This framework deeply influenced the way we view our history and
alternatives. Its evolutionary logic provides certain analysis and
proposes sets of actions and alternatives.
Historical accounts showed that resistance is not new to indigenous
communities in the archipelago. Our ancestors were not dumb; indigenous
people do not need to borrow ideas from the west to realize their own
situation. Indigenous communities have mechanisms designed to protect
and sustain their existence, culture and well-being.
Resistance that led to violent confrontation and war in different
regions of the archipelago was complex. Every resistance has a
peculiarity based on its context, culture and time. But statist politics
became the dominant framework among those who have challenged the status
quo. Because dominance is the very nature of the state.
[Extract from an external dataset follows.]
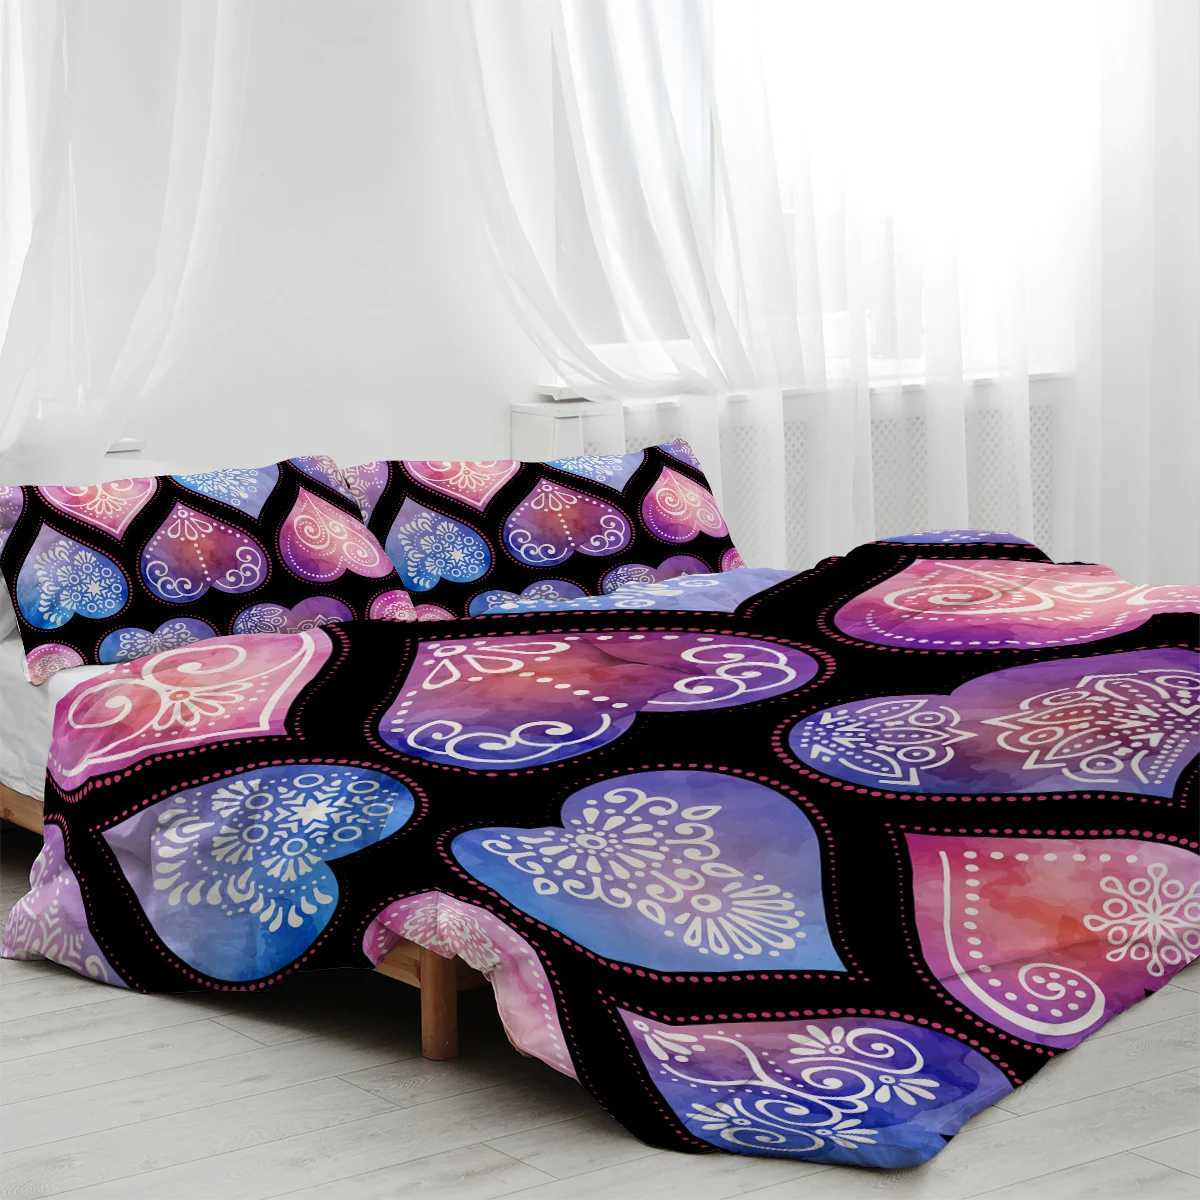 Bettwäsche-Sets herzgeformte Mandala-Design-Bettwäsche-Dekoration 3-teiliger Set von Down-Bettbezügen mit 2 Kissen Shams, die für Familienbetten verwendet werden J240507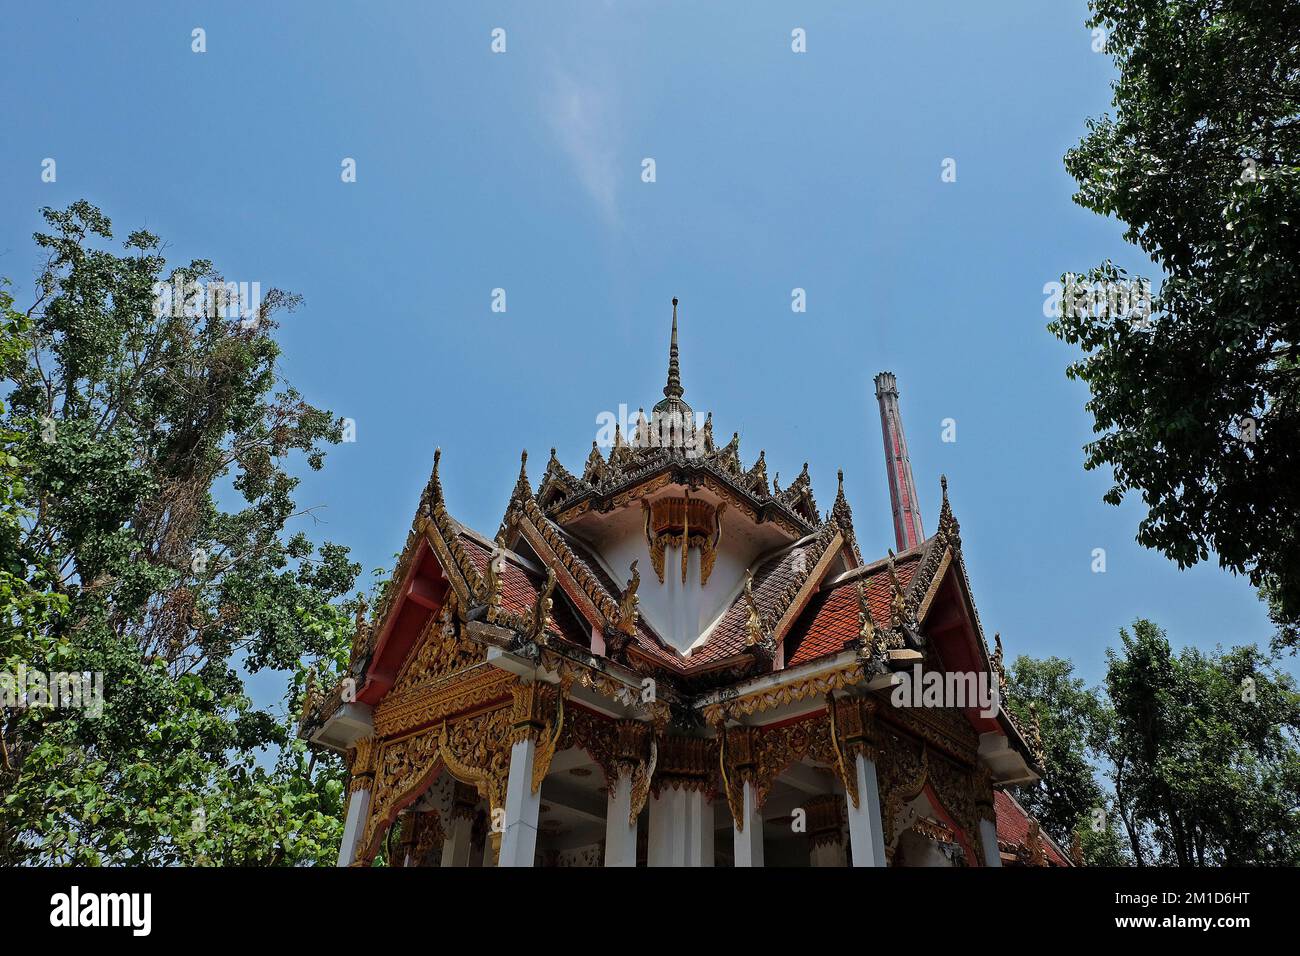 Architecture extérieure et conception de bâtiments du Crematoire bouddhiste (machine dans laquelle les corps sont brûlés jusqu'aux os), Thaïlande Banque D'Images

This kind of
politics greatly affected the conduct of local dissent which led to the
establishment of republican and leftist institutions.
Marxism in the archipelago, which you today refer to as the
“Philippines”, has many variations. Like the dominant religions, Marxism
produced a variety of thinkers, ideologues, politicians, activists and
even faith-based groups and individuals. Dialectical historical
materialism (DHM) is one of Marxism’s fundamentals to analyze a society.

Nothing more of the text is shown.